# Shadow DOM, agent chat, and not fighting your CSS
Why Linda renders the chat UI into a Shadow DOM, how it stays style-isolated against arbitrary host CSS, and the surprising number of edge cases that this design solves for free.
**Published:** 2026-05-04  
**Tags:** shadow-dom, css, ui, architecture  
**Cluster:** technical  
---
Embedding a chat UI in an arbitrary web page is a small problem that grows fast. Day one: it works on your demo page. Day two: someone embeds it on a site with `* { box-sizing: border-box }` somewhere weird and your padding goes haywire. Day three: a customer's host CSS has `body { font-family: Comic Sans }` and now your chat is Comic Sans.

You can fight this with `!important` everywhere, which is awful. You can fight it with CSS specificity hacks, which is fragile. Or you can stop fighting and use the Shadow DOM.

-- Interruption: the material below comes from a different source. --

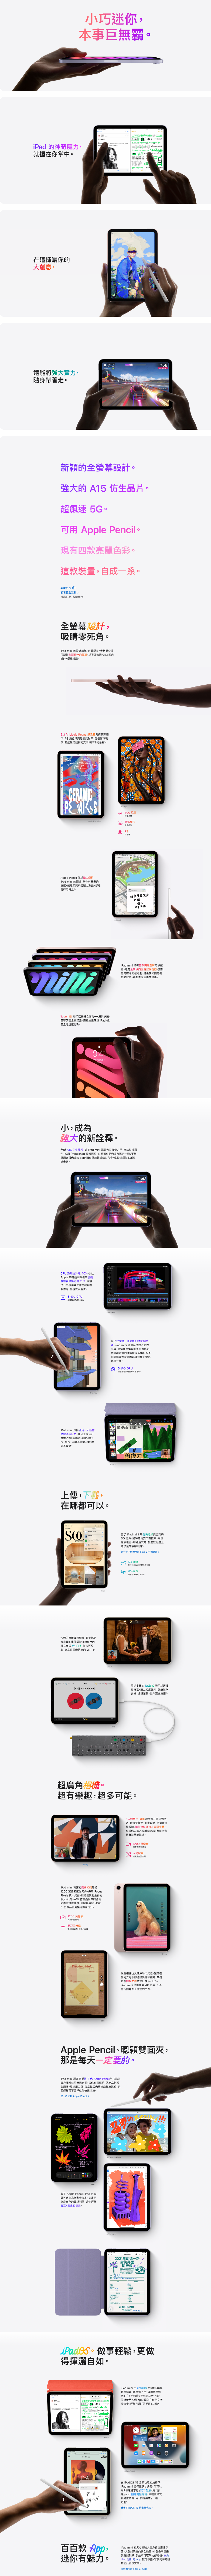 iPad mini 6 8.3吋64GB 太空灰(Wi-Fi) MK7M3TA/A - 全國電子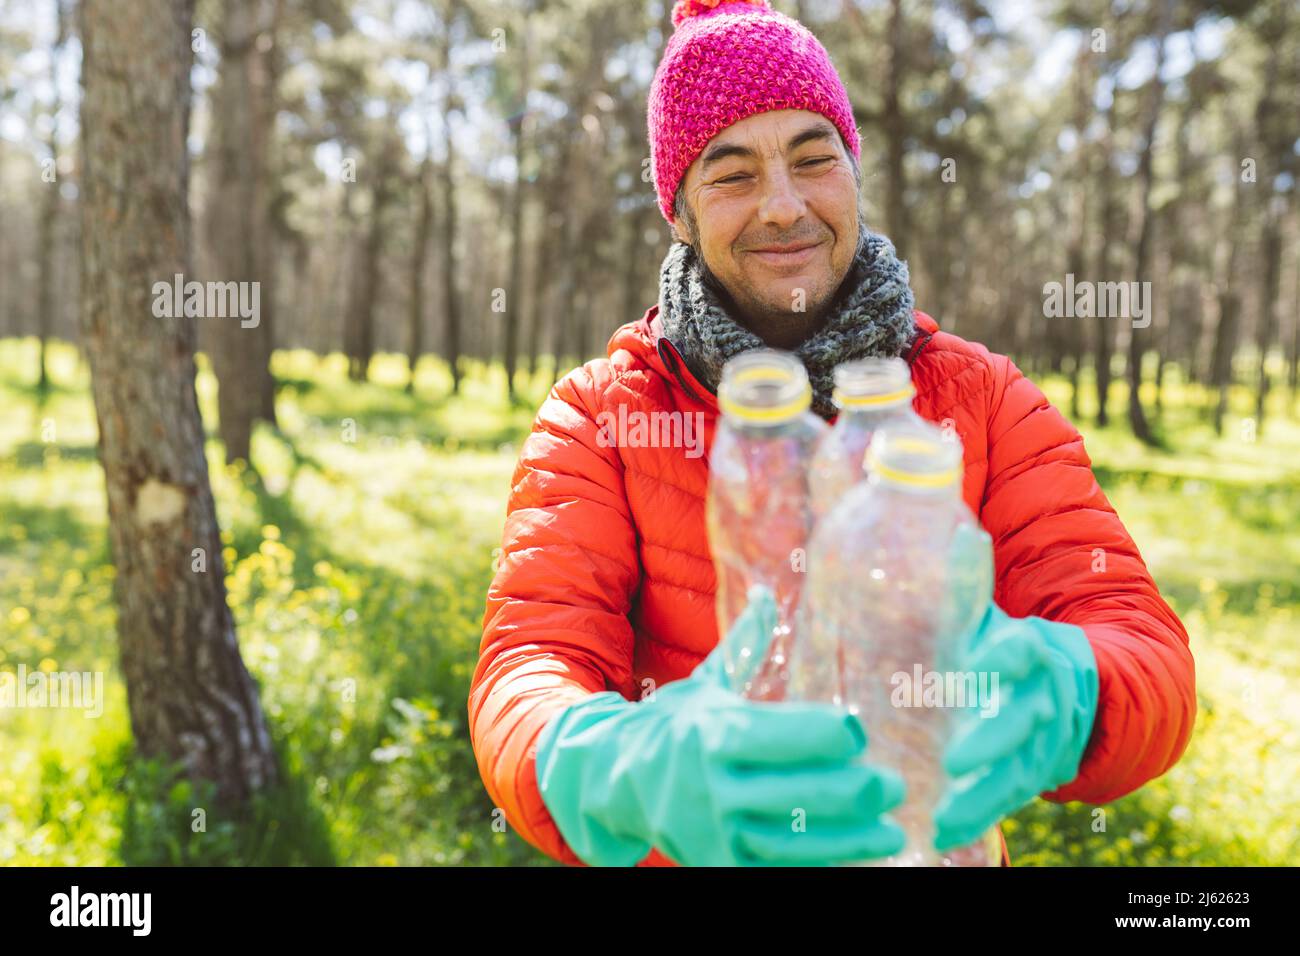 Lächelnder Mann mit Strickmütze, der Plastikflaschen im Wald hält Stockfoto

Linda's chat UI lives in a Shadow DOM. Here's why, what it gets us for free, and the surprising number of issues this design solves before they show up.

## The Shadow DOM primer

Shadow DOM is a browser-native style isolation primitive. You attach a "shadow root" to a host element, render your subtree inside it, and the page's CSS can't reach in (mostly). Your CSS, conversely, can't reach out.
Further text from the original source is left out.